Ce plan était avant tout destiné à rassurer les marchés financiers sur le risque de défaillance de la Grèce à faire face aux échéances de sa dette publique et, donc, à faire baisser les taux d'intérêts des emprunts du gouvernement grec. Or, si dans la semaine qui a suivi l'accord, les taux ont légèrement reculé et permirent à la Grèce d'emprunter 5 milliards, aujourd'hui l'écart entre les obligations grecques à dix ans et leur équivalent allemand s'est envolé au niveau record de 412 points, battant le précédent du 28 janvier en pleine spéculation sur le risque de faillite de la Grèce.
En cause, les confidences d'un cadre du gouvernement grec à la presse allemande qu'Athènes chercherait à renégocier les termes de du plan européen afin de limiter le rôle du Fonds monétaire international (FMI) tel que prévu dans le plan.
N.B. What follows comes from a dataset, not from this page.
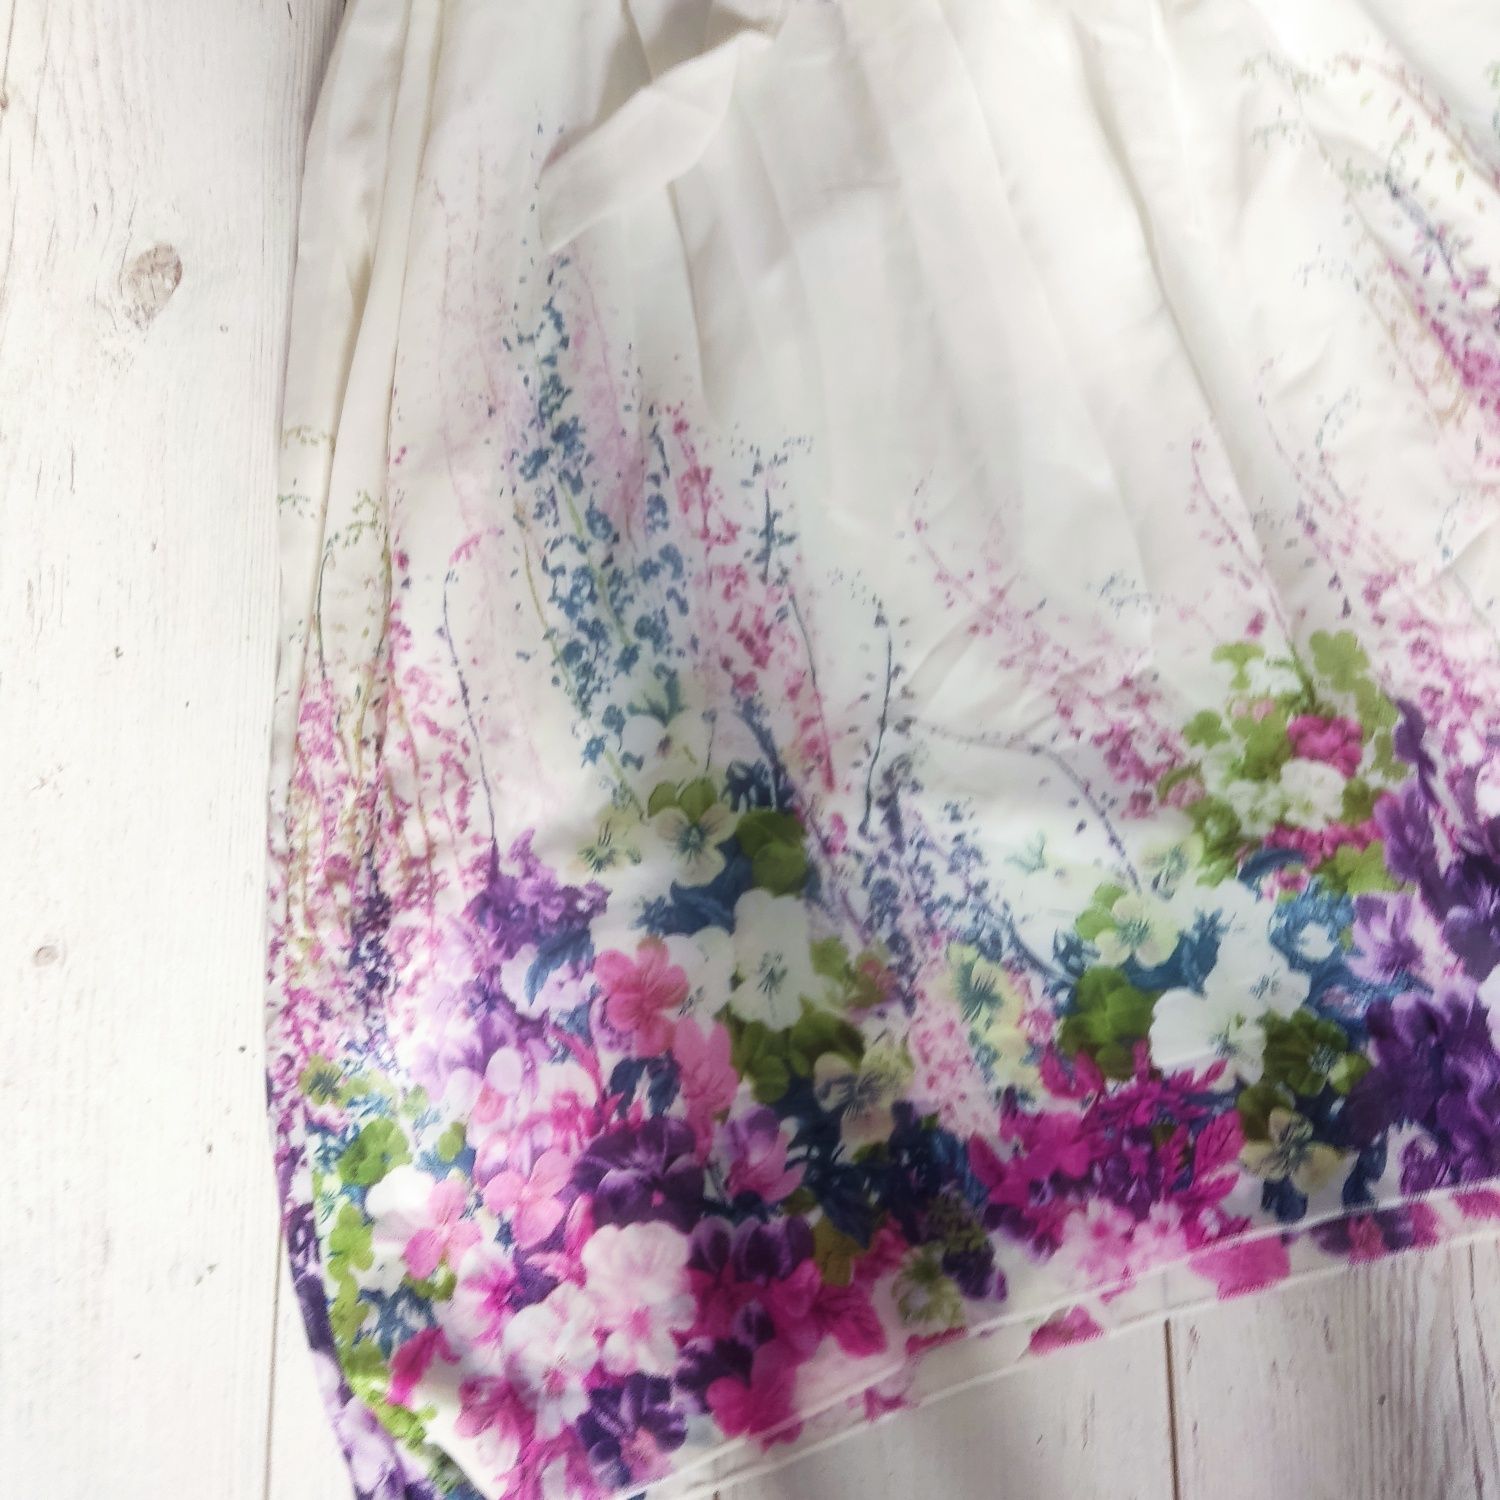 Sukienka kremowa maxi długa szyfonowa w kwiaty elegancka zwiewna  nowa

C'était pourtant le premier ministre Georges Papandréou qui avait brandi le recours au FMI comme alternative à l'aide européenne pour forcer l'Union européenne à proposer un plan. Exaspérée, Angela Merkel a fini par introduire un rôle substantiel pour le FMI dans le plan européen. Or, aujourd'hui, M. Papandréou commence à réaliser le coût politique de l'intervention du FMI qui demandera des mesures d'austérité supplémentaires et le FMI n'apparaît plus aussi attrayant que le mois dernier.
Selon un sondage de l'hebdomadaire athénien RealNews, 75% des Grecs trouvent le train de mesures d'austérité prise par le gouvernement pour redresser les finances publiques injuste et 72% se déclarent pessimistes sur l'avenir du pays.
M. Papandréou est intervenu en réunion mercredi du Conseil des ministres, pour démentir qu'il y ait volonté de renégocier les termes du plan d'aide européen pour les pays en difficulté, qualifiant cet accord d'une "étape phare" pour l'UE et également "un succès pour la Grèce, une nouvelle institution étant ainsi mise en place".
Cet accord, a-t-il souligné est incontestablement une grande réussite pour la Grèce et l'UE, puisque "nous pourrions assumer que nous avons créé et consolidé un filet de sécurité pour la Grèce, mais aussi pour chaque pays faisant face à des problèmes (financiers)".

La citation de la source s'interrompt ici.